Searching & SortingProblem 13 of 36
Count triplet with sum smaller than a given value
Problem Statement
Given an array of distinct integers and a sum value, count all triplets with sum smaller than the given sum value.
Constraints:
- All elements are distinct
- Return the count of triplets, not the triplets themselves
Example:
- Input:
arr = [-2, 0, 1, 3],sum = 2 - Output:
2 - Explanation: Triplets are (-2, 0, 1) and (-2, 0, 3) with sums -1 and 1
Example 2:
- Input:
arr = [5, 1, 3, 4, 7],sum = 12 - Output:
4 - Explanation: Triplets with sum < 12: (1,3,4), (1,3,5), (1,3,7), (1,4,5)... count = 4
Approach 1: Brute Force (Three Loops)
Intuition
Check all possible triplets and count those with sum less than the given value.
Algorithm
- Use three nested loops to select three elements
- If their sum < target, increment count
- Return total count
java
public class Solution {
public int countTriplets(int[] arr, int sum) {
int n = arr.length;
int count = 0;
for (int i = 0; i < n - 2; i++) {
for (int j = i + 1; j < n - 1; j++) {
for (int k = j + 1; k < n; k++) {
if (arr[i] + arr[j] + arr[k] < sum) {
count++;
}
}
}
}
return count;
}
}Complexity Analysis
- Time Complexity: O(n³) - Three nested loops
- Space Complexity: O(1) - No extra space
Approach 2: Sorting + Two Pointers (Optimal)
Intuition
Sort the array. Fix one element and use two pointers for the remaining two. When we find a valid triplet, all elements between left and right also form valid triplets.
Key Insight
If arr[i] + arr[left] + arr[right] < sum, then all elements from left+1 to right-1 when paired with arr[i] and arr[left] will also satisfy the condition. So we can add (right - left) triplets at once.
Algorithm
- Sort the array
- For each element arr[i] (fix first element)
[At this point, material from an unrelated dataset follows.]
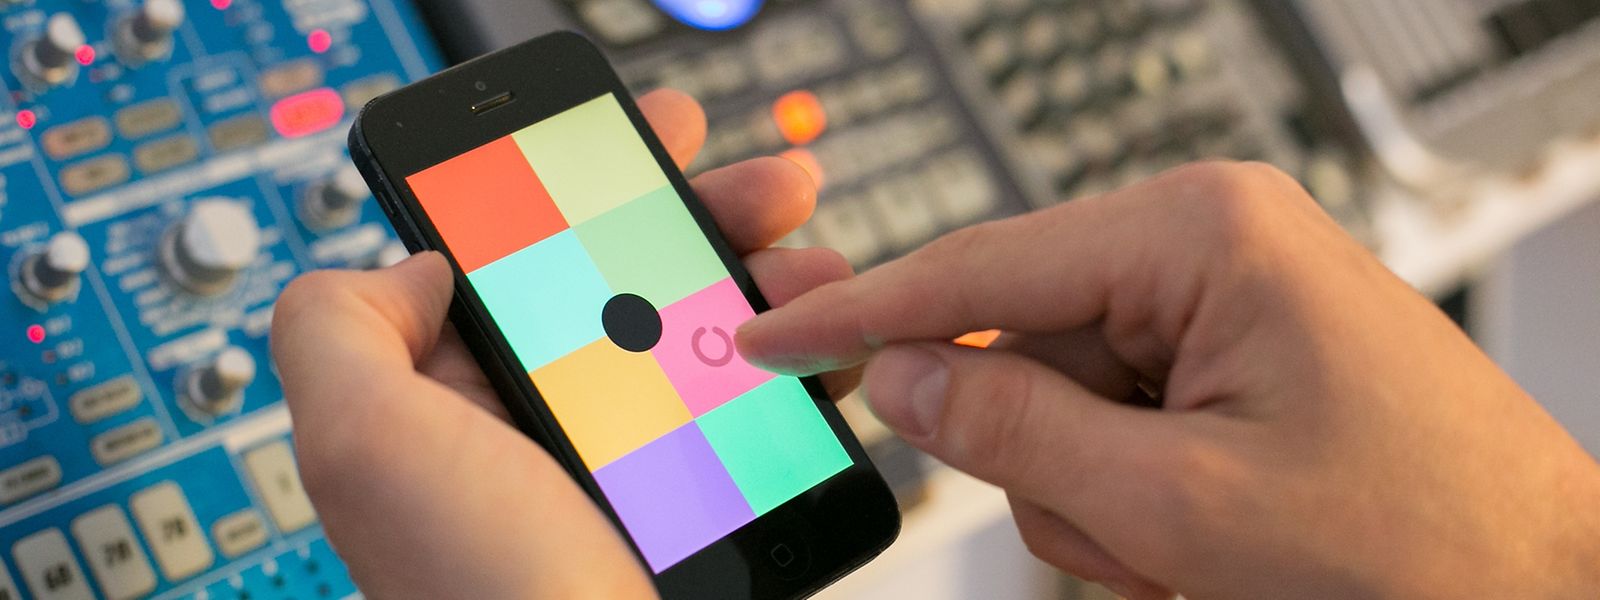 Einfacher geht's nicht: In jeder der acht farbigen Kacheln der Sampler-App Keezy kann ein aufgenommener Sound hinterlegt und dann abgespielt oder geloopt werden.

- Use two pointers: left = i+1, right = n-1
- If arr[i] + arr[left] + arr[right] < sum:
- Add (right - left) to count
- Move left pointer right
- Else move right pointer left
java
import java.util.Arrays;
public class Solution {
public int countTriplets(int[] arr, int sum) {
int n = arr.length;
if (n < 3) return 0;
Arrays.sort(arr);
int count = 0;
for (int i = 0; i < n - 2; i++) {
int left = i + 1;
int right = n - 1;
while (left < right) {
int currentSum = arr[i] + arr[left] + arr[right];
if (currentSum < sum) {
// All elements from left+1 to right form valid triplets
count += (right - left);
left++;
} else {
right--;
}
}
}
return count;
}
}Dry Run Example
arr = [-2, 0, 1, 3], sum = 2
sorted arr = [-2, 0, 1, 3]
i=0, arr[i]=-2:
left=1, right=3
sum = -2 + 0 + 3 = 1 < 2
count += (3-1) = 2, left=2
left=2, right=3
sum = -2 + 1 + 3 = 2 >= 2
right=2
left=2, right=2, STOP
i=1, arr[i]=0:
left=2, right=3
sum = 0 + 1 + 3 = 4 >= 2
right=2
left=2, right=2, STOP
Total count = 2
Triplets: (-2, 0, 1), (-2, 0, 3)
Why This Works
sorted arr = [-2, 0, 1, 3]
i=0, arr[i]=-2, left=1 (arr[left]=0), right=3 (arr[right]=3)
sum = -2 + 0 + 3 = 1 < 2
If sum with largest element (3) is < target,
then sums with smaller elements (1) are also < target.
So triplets: (-2, 0, 3), (-2, 0, 1)
Count = right - left = 3 - 1 = 2
Complexity Analysis
- Time Complexity: O(n²) - Sorting O(n log n) + Two pointer for each element O(n²)
- Space Complexity: O(1) - In-place (or O(n) depending on sort)
Variation: Print All Triplets
Variation: Count Triplets with Sum Greater Than Value
Variation: Count Triplets with Sum in Range [low, high]
Key Takeaways
- Two Pointer Technique: After sorting, two pointers efficiently find valid pairs
- Batch Counting: When one triplet is valid, count all valid triplets between pointers
- Key Insight: If arr[left] + arr[right] < target, all elements between them also work
- Sorting Requirement: Two-pointer approach only works on sorted arrays
- Time Trade-off: O(n³) to O(n²) is significant improvement
- Similar Problems: Count pairs with sum < K, Count quadruplets, etc.